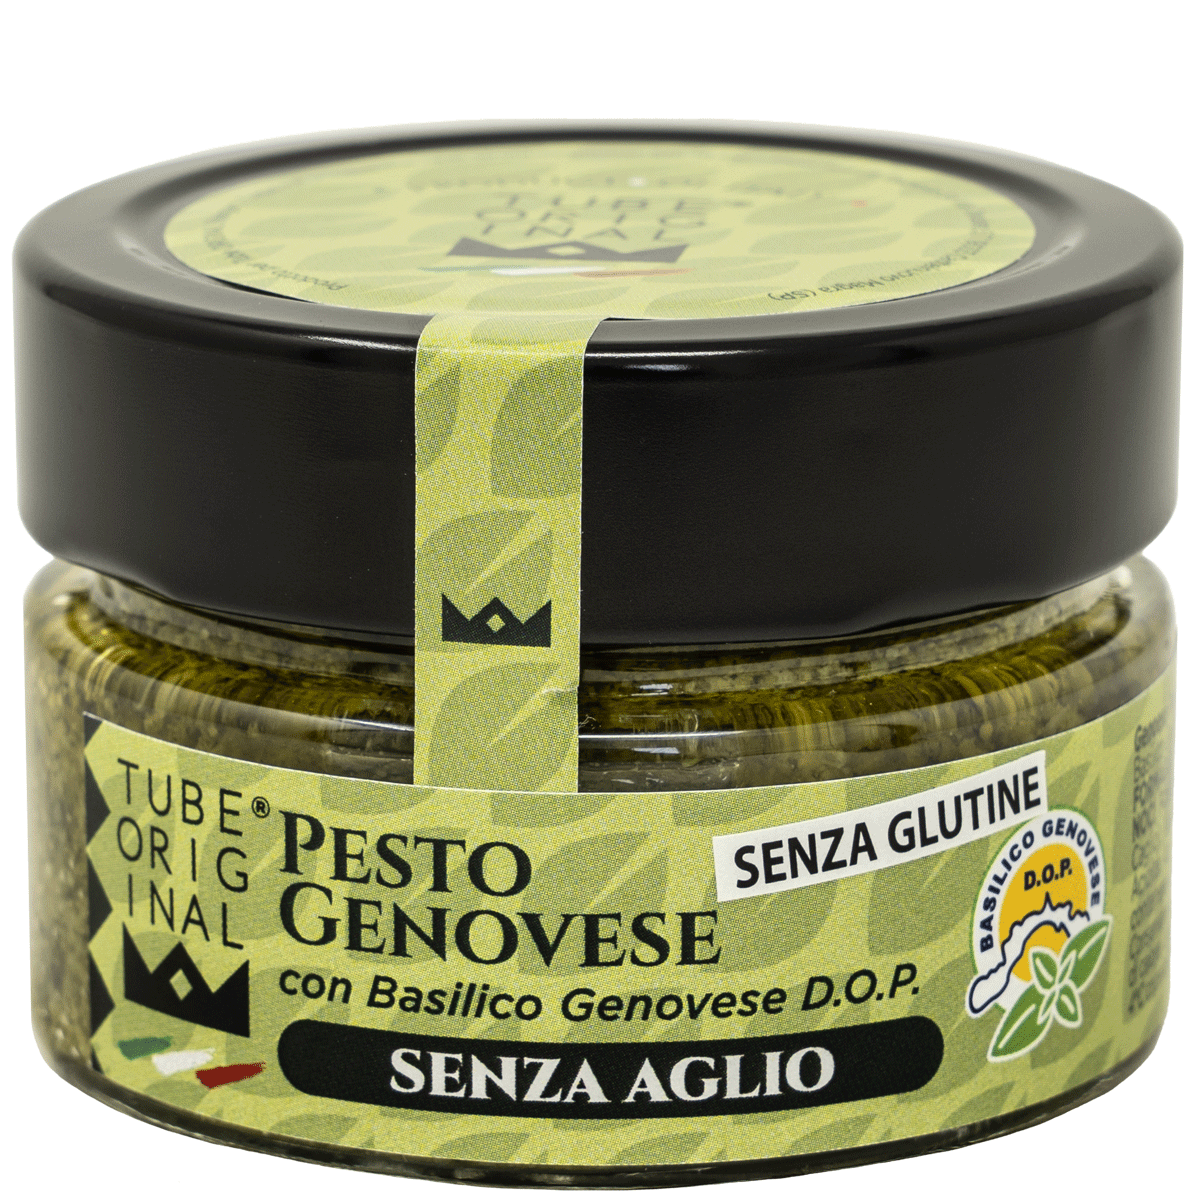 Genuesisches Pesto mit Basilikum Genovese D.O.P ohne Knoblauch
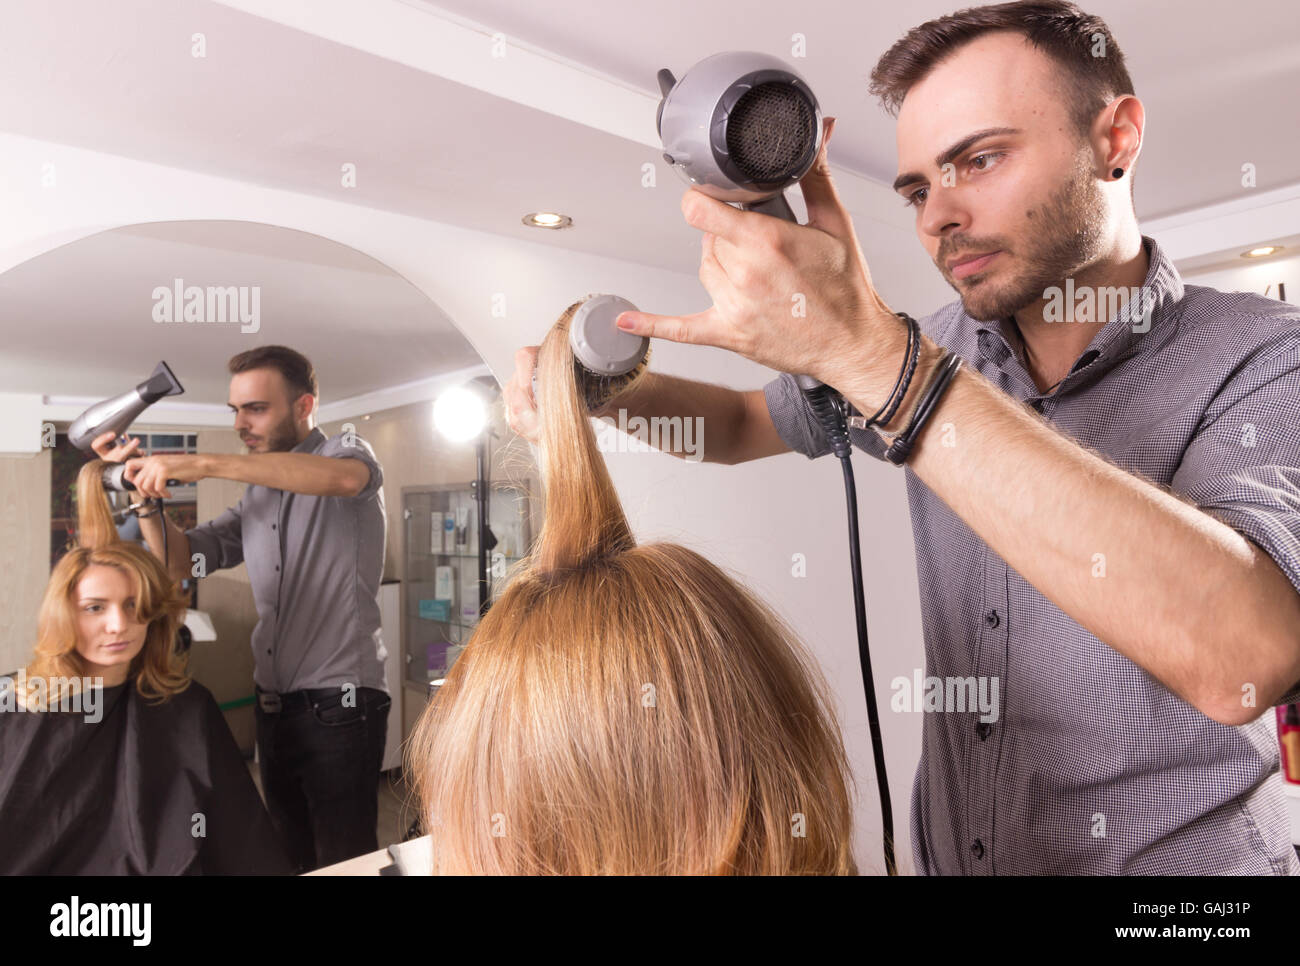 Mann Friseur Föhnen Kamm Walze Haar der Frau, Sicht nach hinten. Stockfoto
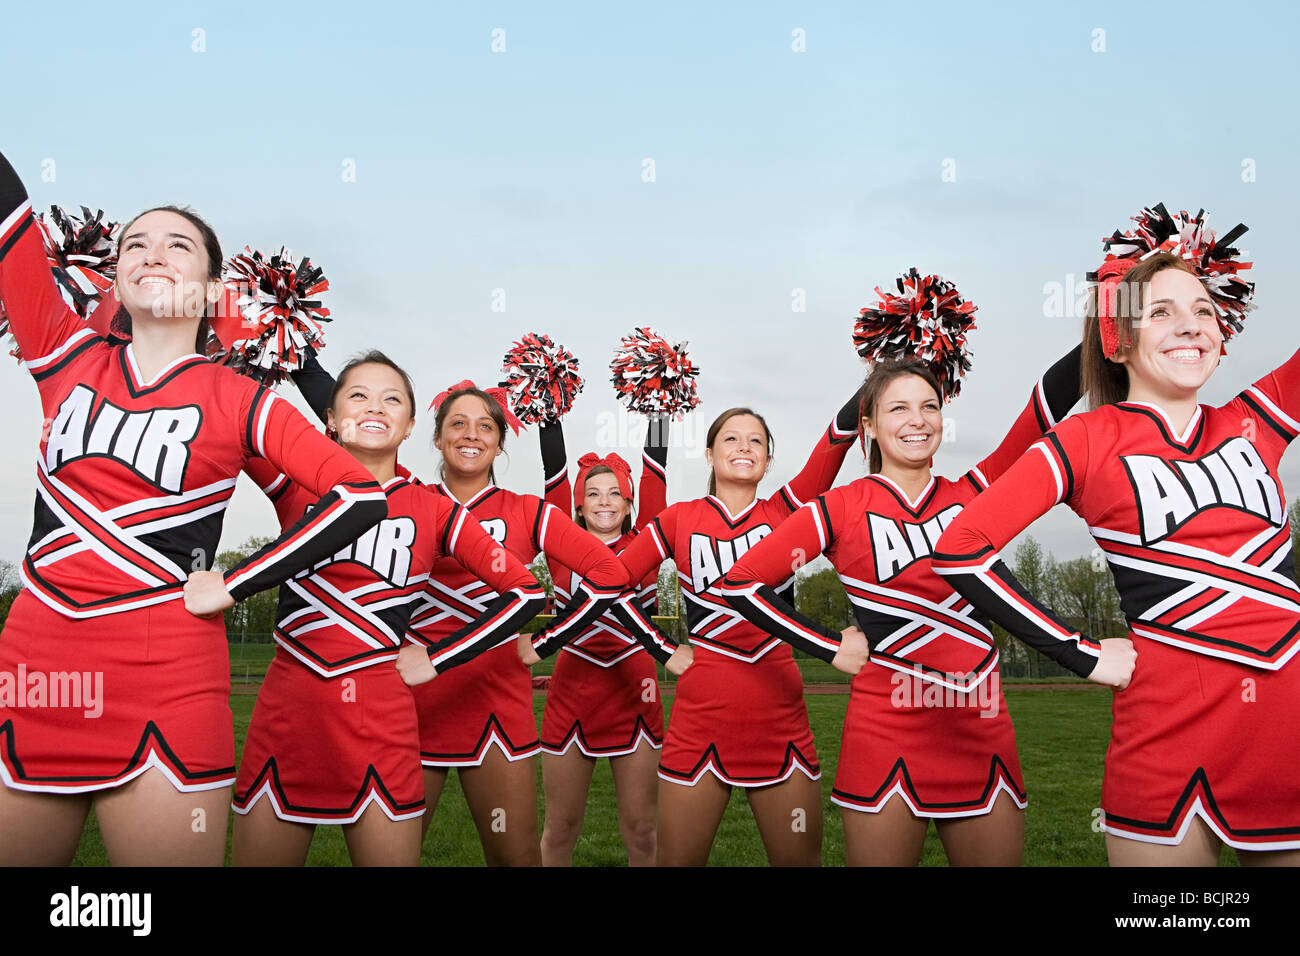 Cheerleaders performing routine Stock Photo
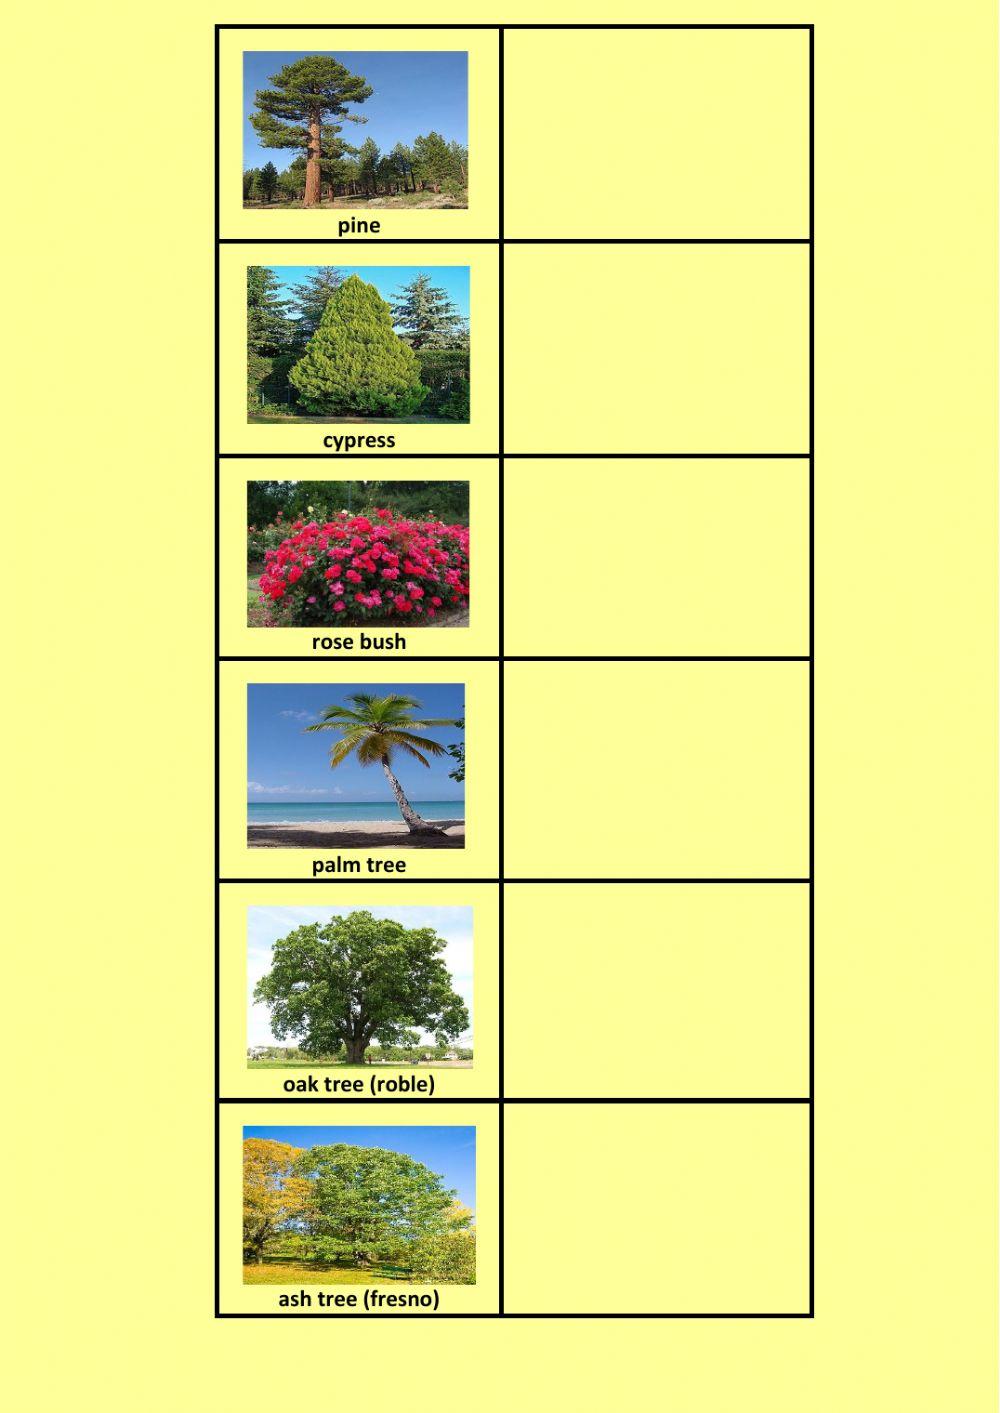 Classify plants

* **PROBLEM DETAILS**
The copy has to start at the line that contains "Cheerleaders performing routine Stock Photo" and end at the last line of the material above, matching the original exactly and holding no pictures.

* **WRITTEN REPLY**
 Cheerleaders performing routine Stock Photo
 Classify plants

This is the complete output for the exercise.